Ingredients for Ethnic Skin Care

Dr. Alexis reviewed some of the ingredients that have applications in ethnic skin care. These include natural ingredients with skin lightening effects, such as bearberry, aloe, soy, licorice, chitin and vitamins such as niacinamide andC. To treat hyperpigmentation, formulators should consider tyrosinase inhibitors such as arbutin, kojic acid, mulberry extract and retinoids. Melanosome transfer inhibitors include niacinamide and soybean trypsin inhibitors.

At the same time, however, he reminded the audience that less is more when it comes to skin care.

“Simplify your regimen,” he suggested. “It should include mild cleansing, moisturizing and sun protection.”

Finding the Right Partner

As issues surrounding cosmeceuticals grow more complex, few companies canafford to go it alone. Dr. Janice J. Teal, group vice president and chief science officer, Avon Products, Inc., told the audience about the benefits of forming partnerships as well as some of the pitfalls to avoid.

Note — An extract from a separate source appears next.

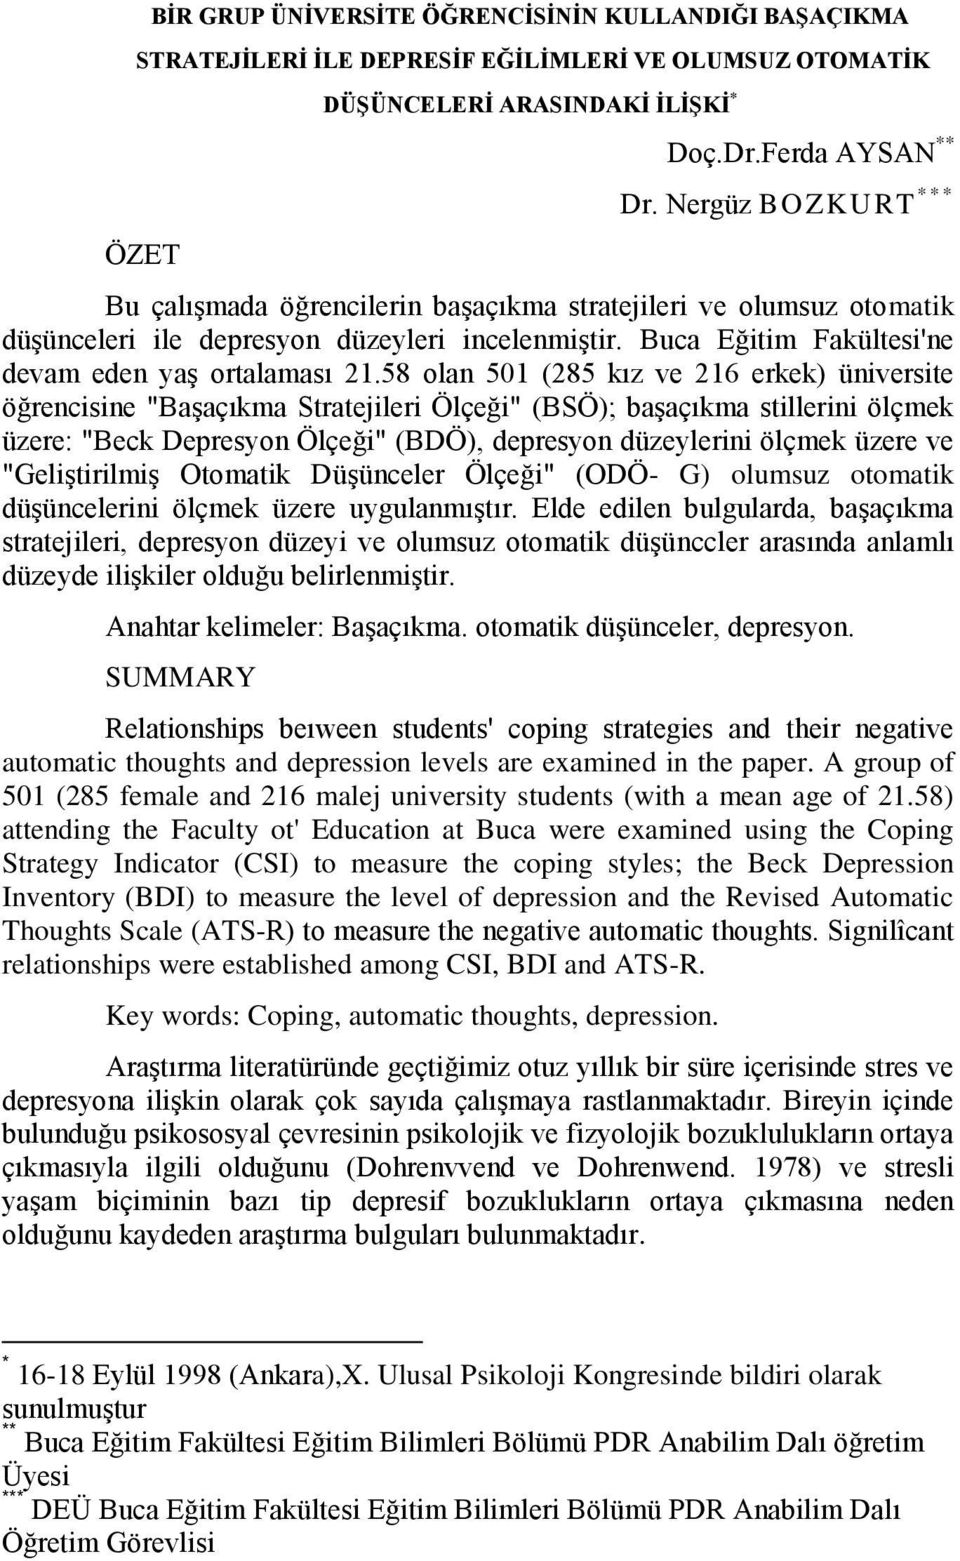 58 olan 501 (285 kız ve 216 erkek) üniversite öğrencisine "Başaçıkma Stratejileri Ölçeği" (BSÖ); başaçıkma stillerini ölçmek üzere: "Beck Depresyon Ölçeği" (BDÖ), depresyon düzeylerini ölçmek üzere

"Wall Street loves partnerships," she noted. "They can be a win-win and give you a breakthrough overnight."

After a quick review of the types of partnerships—purchase contract, license technology, license product, R&D research alliance and joint venture—Dr. Teal revealed the three key success factors in a strategic partnership:

• Picking the right partner;
• Picking the right partner and
• Picking the right partner!

"You really want a long-term partnership that gets the lawyers out of the way and let's you get down to business," she explained.

At Avon, Dr. Teal gets a lot of opportunities to partner with companies and individuals, but few of them are truly exciting. So, what is she looking for? Exciting technology that delivers noticeable results in a short amount of time. Moreover, the technology must include:

• Extraordinary clinical data from respected labs;
• Clear scientific underpinning for technology;
• Patented technology;
• First to market; and
• Safety data.

Once a technology excites the Avon staff, the potential partners must clearly define the roles and responsibilities for each. These include project management, conduct and pay for additional testing, safety reviews, registrations (such as REACH) and sourcing.

"Sourcing is no small thing," she told the audience. "A lot of entrepreneurs don't have a plant to make the active."

She also urged the audience to establish timelines and milestones before a project gets underway.

"If there is a problem, find it early. You'll need a Plan B," she said. "This is where honesty comes in with a partner."

Marketing issues also must be worked out. For instance, is there exclusivity for the material? Is it limited to specific industry sectors? Is the launch global or limited?

Financial issues must also be hammered out. Options include royalty arrangements, which are difficult to track; paid up license, which is a higher risk if the product flops; the cost built inot the cost of goods, which only works if partner manufacturers ingredient/product; Upfront/milestone development payments such as internal conflict, such as R&D or marketing budget; and how risks and issues are resolved.

Finally, the No. 1 issue that destroys a potential partnership is IP ownership. According to Dr. Teal, it's best if each side files patents before the partnership and whatever has been invented should be put in writing. But the big question that must be ironed out involves deciding what is jointly discovered or independently discovered after the partnership is formed.